Brother Ali - conducted by Hugo Lunny  


Brother Ali

June 2003

These are the transcripts of an interview with Brother Ali. The interview was conducted by Hugo Lunny on June 20th, 2003.

Originally influenced by Earth Wind and Fire and born into Hip Hop through break dancing, Brother Ali has been one with the mic since he first heard KRS-ONE on record. A student of Hip-Hop's golden age, Ali's music ranges from purpose to passionate, yet always soulful and true to the boastful heritage of our culture. An emcee, producer, host and overall party-starter, Brother Ali's talents are a well-defined addition to the Rhymesayers family.

Over the past year, Ali joined producer ANT (of Atmosphere) and went to work creating "Shadows on the Sun," a critically acclaimed release.



MVRemix: If you look at the media, they market things and exploit the product. If Rhymesayers or another label was to try and take your ethnicity and do something with that, would you try and support that because you want your music to be heard, or would you oppose it, and why?

Brother Ali: First of all, I bet $150 million that can’t none of y’all accurately judge what my ethnicity is. The marketing would be a bitch. Second of all, no. We don’t want to use that as the main thing to market our music. It seems that a lot of people that interview me end up with that being their whole motherfucking piece. Like I had one [interviewer] at home in Minneapolis do that to me just recently. Actually, he did the whole thing on me being albino. So we talked about that for the first three minutes of the interview and then for the rest of the interview we talked about real shit. And so basically he used quotes from those first three minutes for the whole motherfucking article. I think the reason is that with the advanced racism we have in the world - especially the United States - people are still so much trained to view people by race, which is different from ethnicity.
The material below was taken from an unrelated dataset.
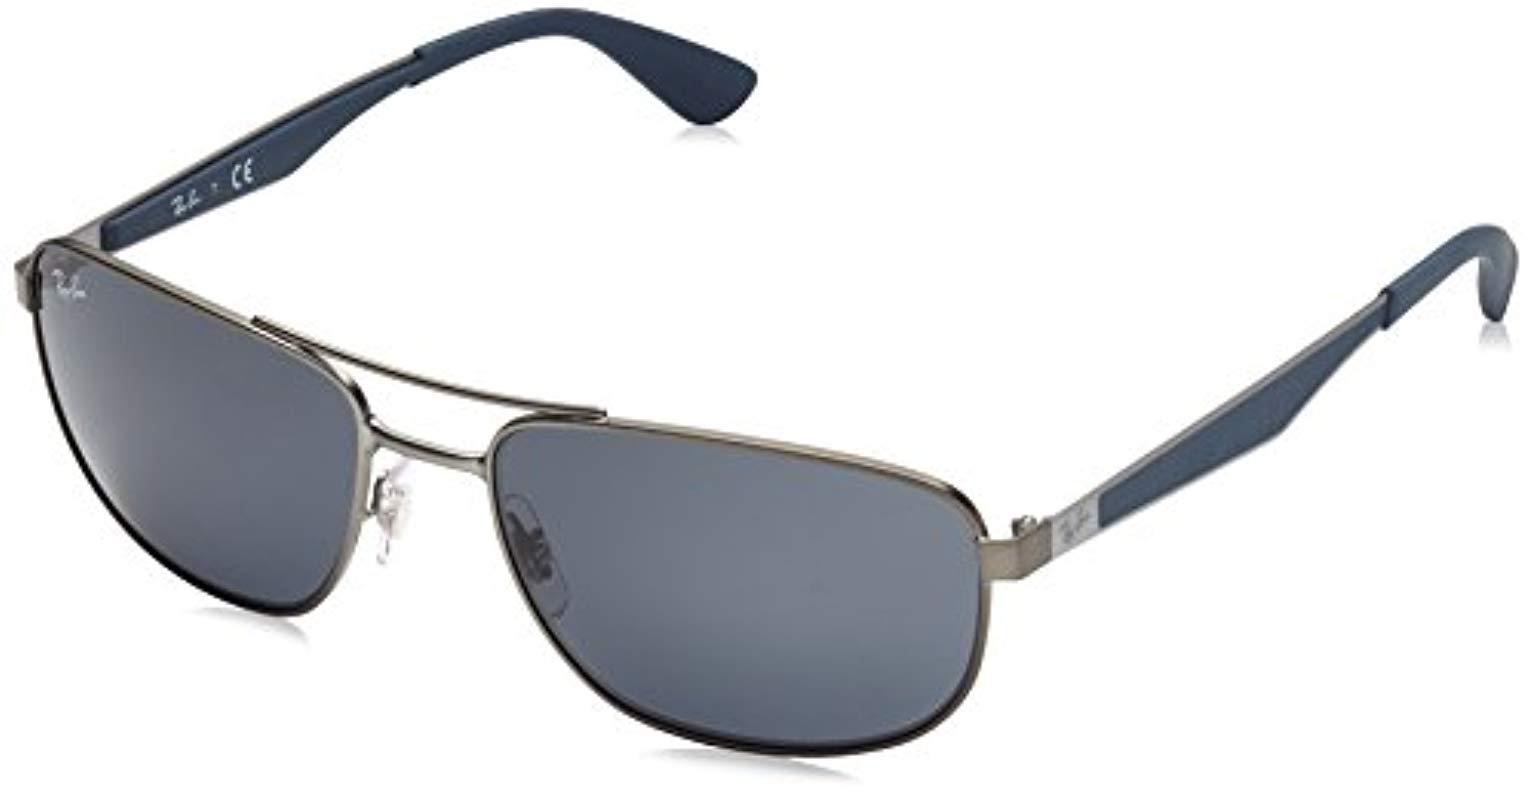 8a1e9f2d13 Ray-Ban. Men s Metal Sunglasses In Matte Black Polarised Rb3528 006 82 61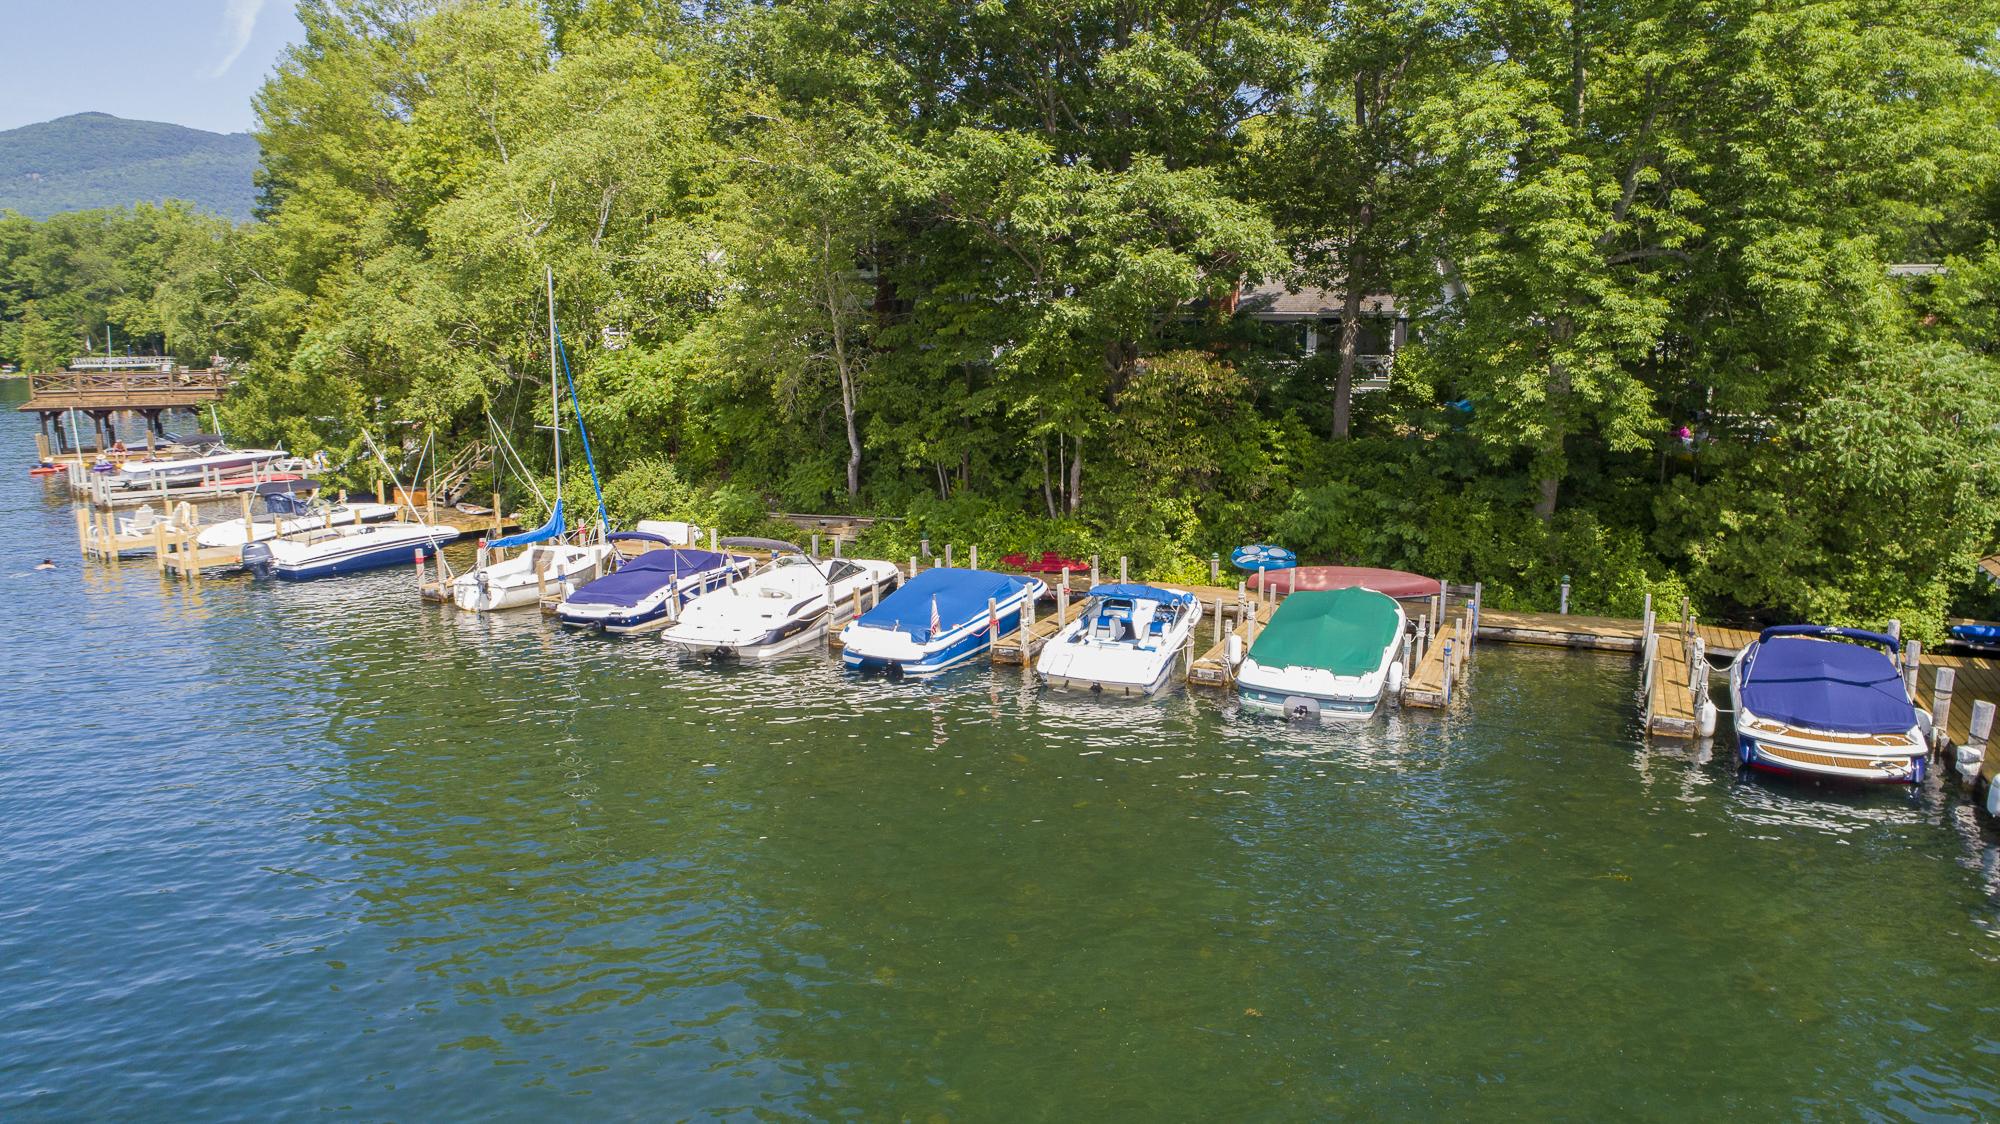 Takundewide Cottages on Lake George north finger slips

Race is a made-up thing. I think a lot of times people - they understand a lot better, it’s a lot easier for them, if they can put somebody in a racial background. We like to think about things in categories because it takes out a lot of the mental work. If you can put something in a category, and you know where it is, you leave it there, and that’s where you want it to be. It makes it easier for you to relate to it. When you can’t do that, it requires a lot more thought; you have to be a lot more objective. You have to think a lot more about how you’re going to relate to this thing, how you’re going to view it, and how you’re going to perceive it. So I think because of that, a lot of people struggle with me, to try to nail me down racially, or try to understand the albino thing more, but the reality is… I think me as a musician speaks a lot more than just that. So to try to use that as a gimmick you would pigeon-hole me into just that. It would make my shit a lot shorter. It might make it quicker, you know, if we really pushed that and played that up, you know, it might get me a lot of [snapping fingers] quick attention, but there’s no long life in that. After the novelty wears off, all you have left is songs. And all you have left is albums. And all you have left is live performances, which is really what we’re more about.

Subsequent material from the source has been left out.